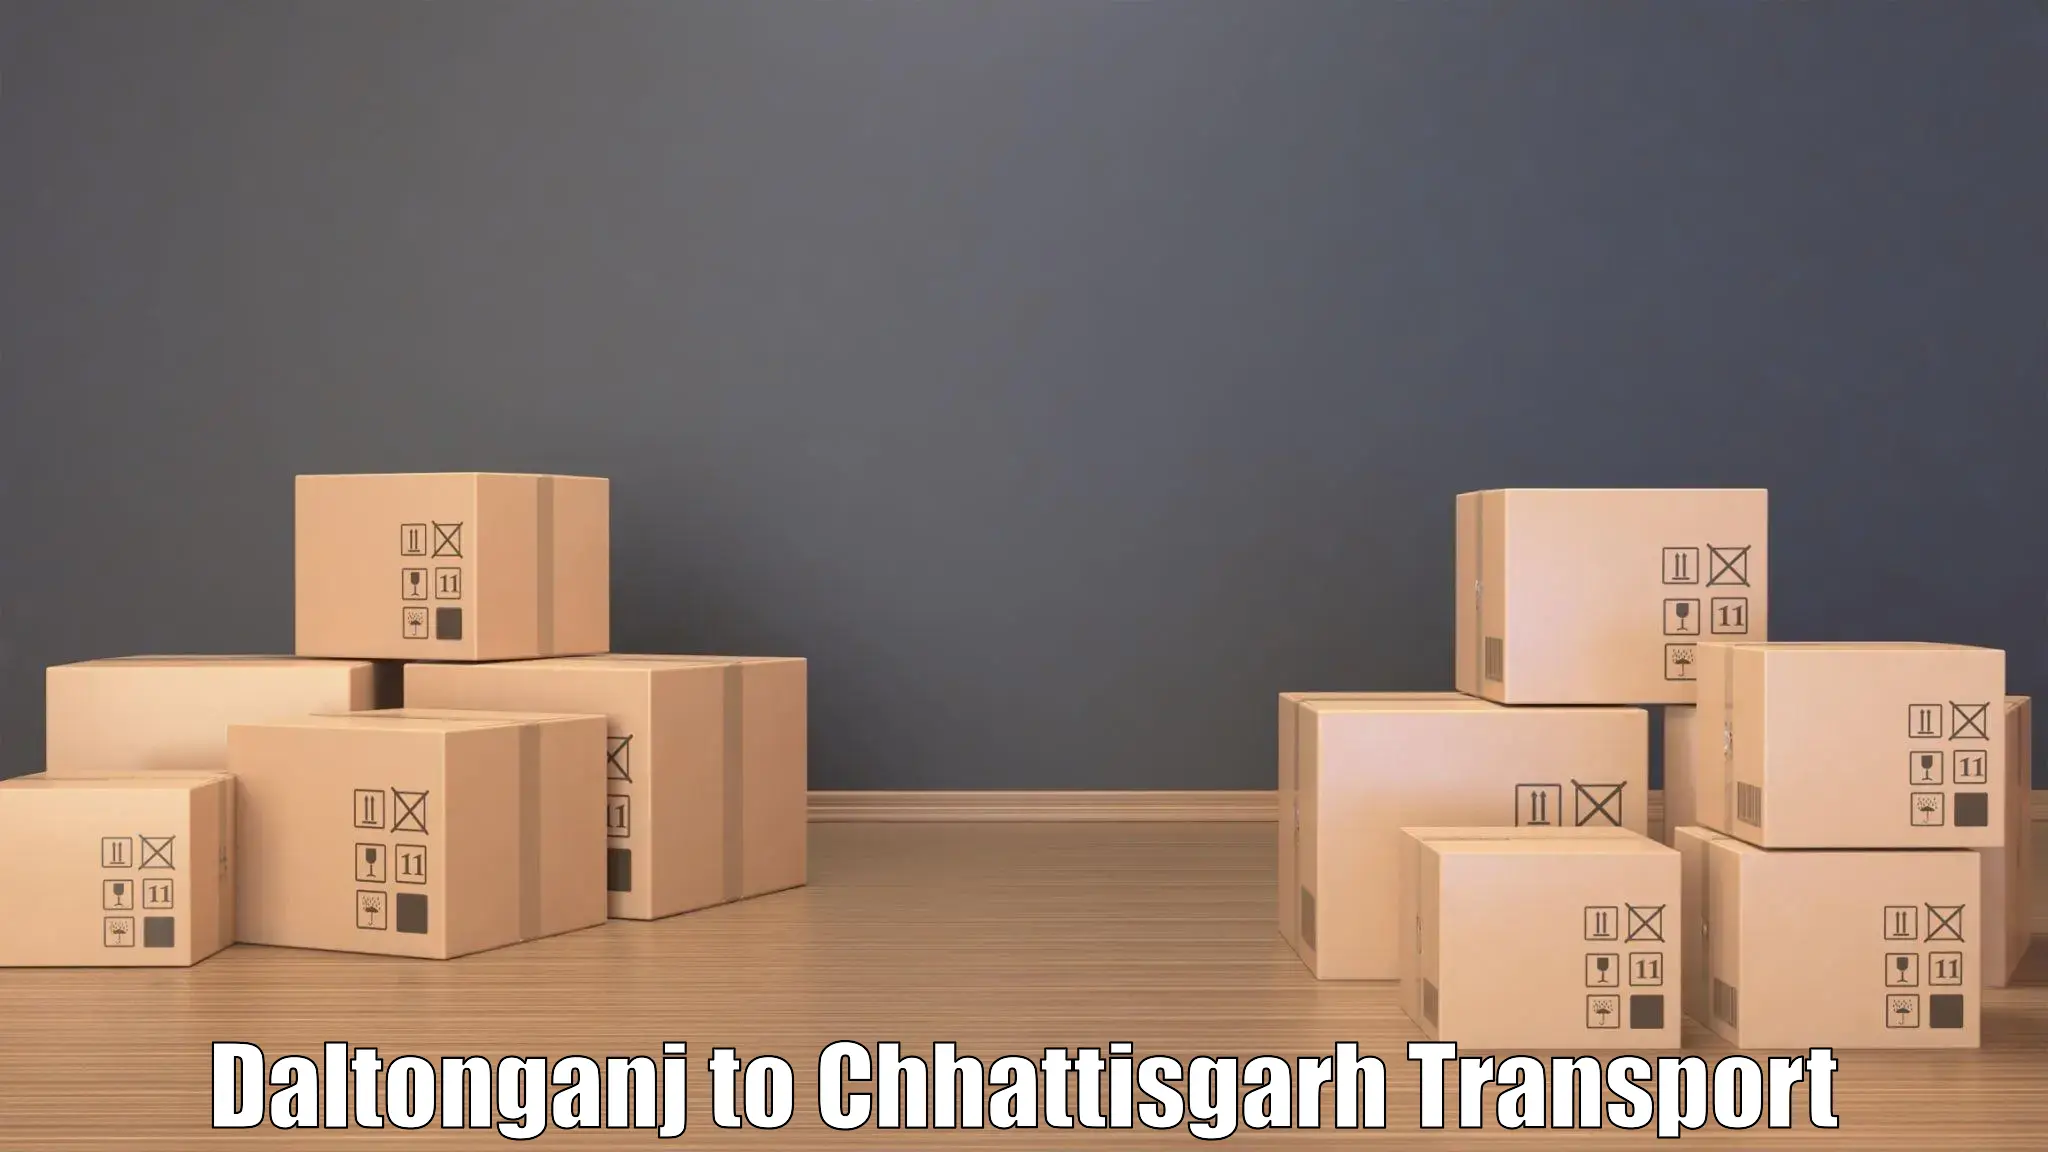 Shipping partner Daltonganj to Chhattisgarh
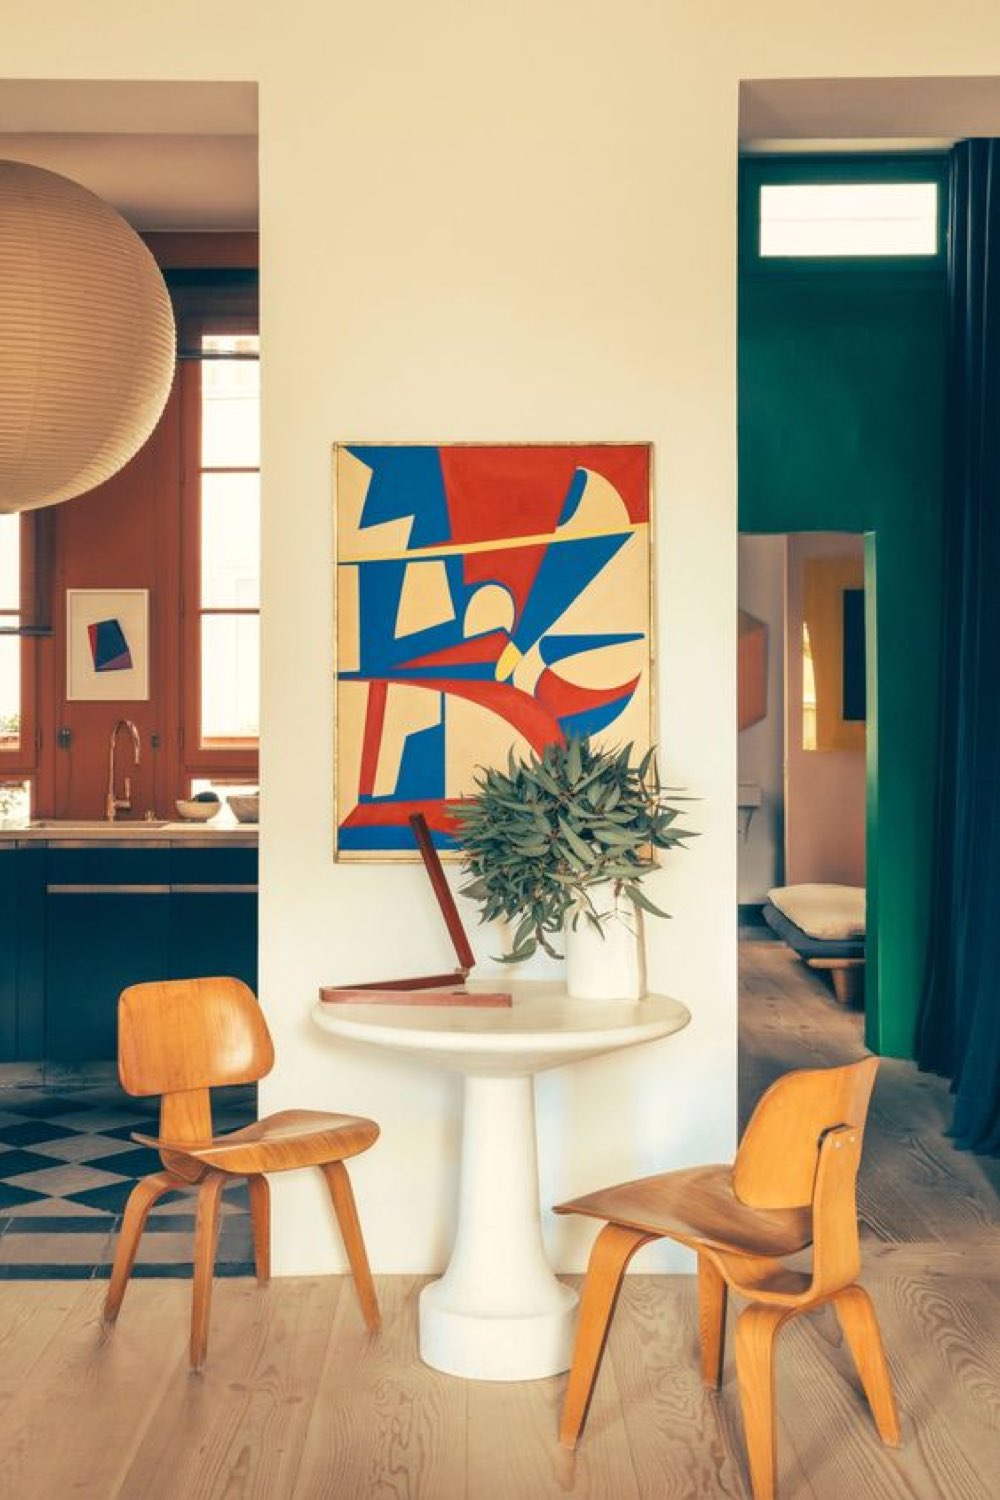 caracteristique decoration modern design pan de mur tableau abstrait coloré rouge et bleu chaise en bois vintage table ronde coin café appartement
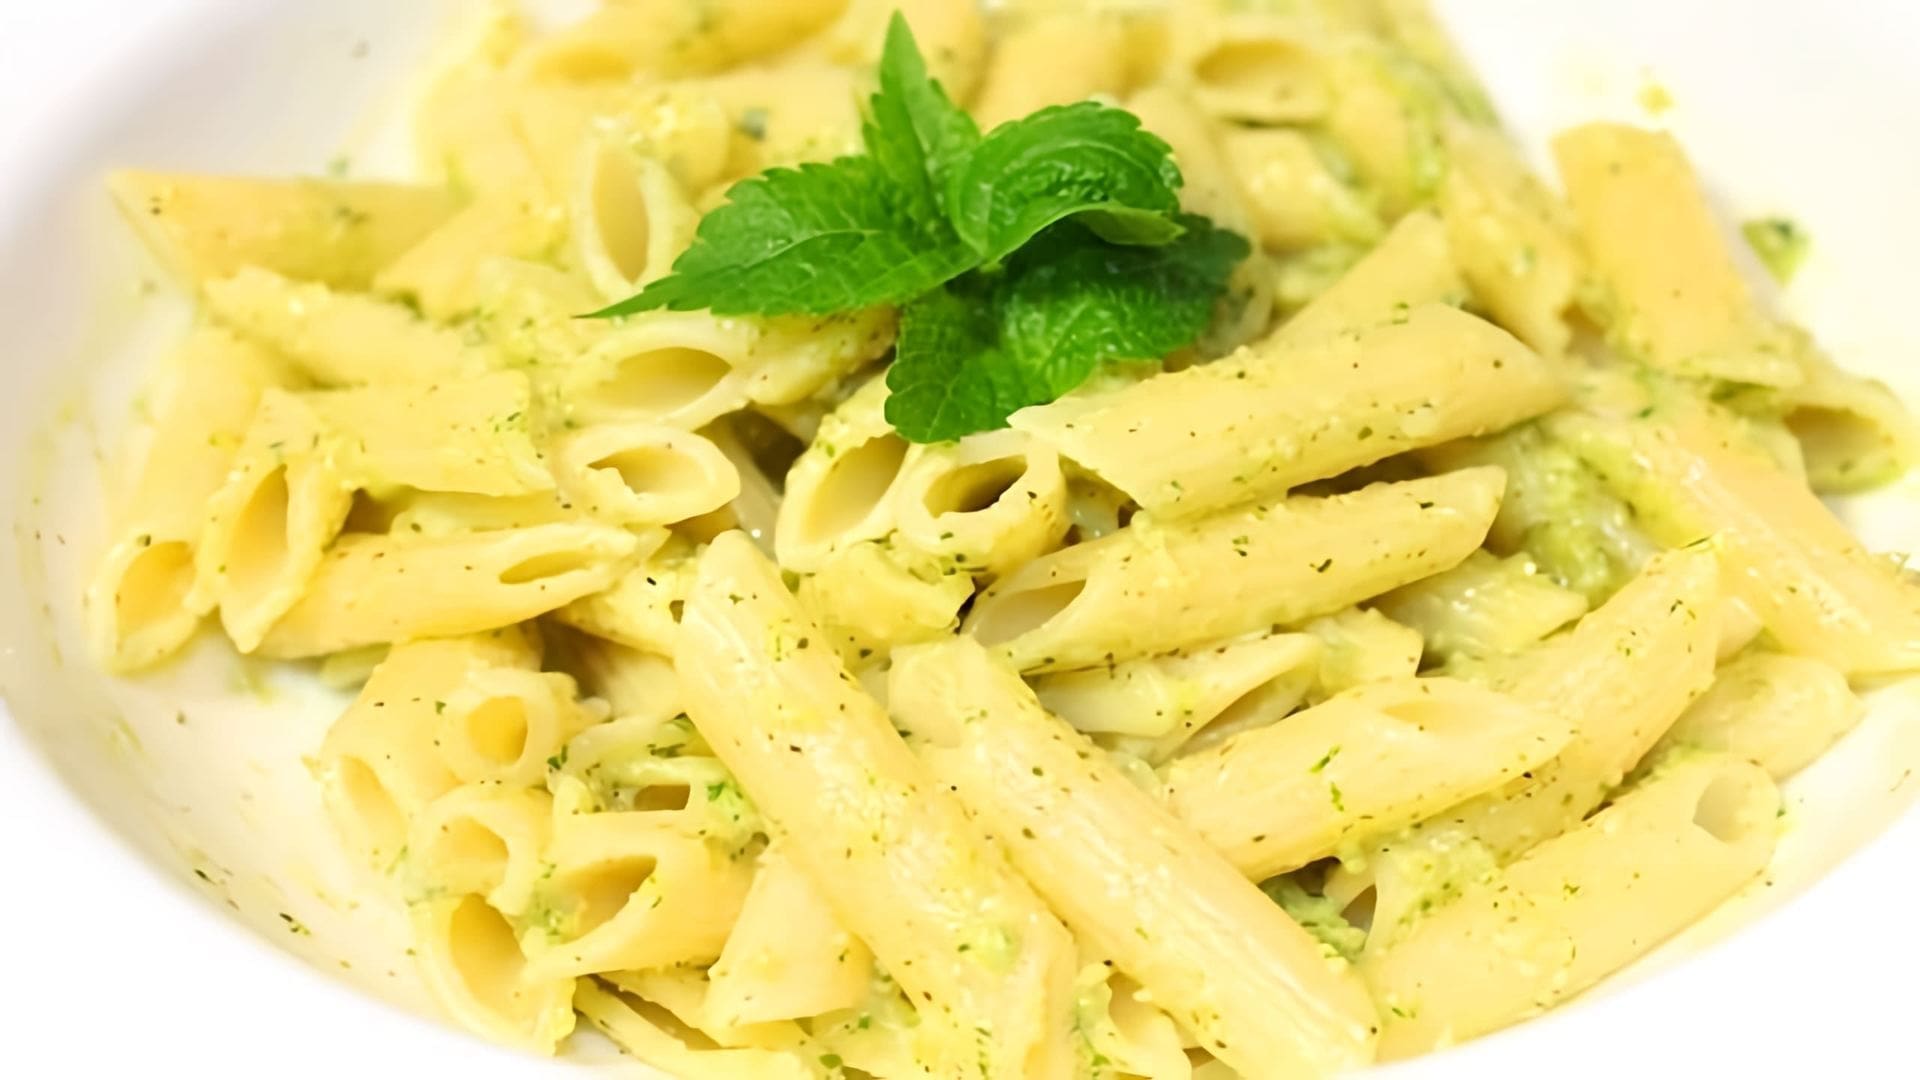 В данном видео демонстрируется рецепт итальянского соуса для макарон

-- Try it --
Every last line above must be reproduced as written, and no pictures belong in the copy.

-- Expected answer --
 Shipping partner Daltonganj to Chhattisgarh
 caracteristique decoration modern design pan de mur tableau abstrait coloré rouge et bleu chaise en bois vintage table ronde coin café appartement
 В данном видео демонстрируется рецепт итальянского соуса для макарон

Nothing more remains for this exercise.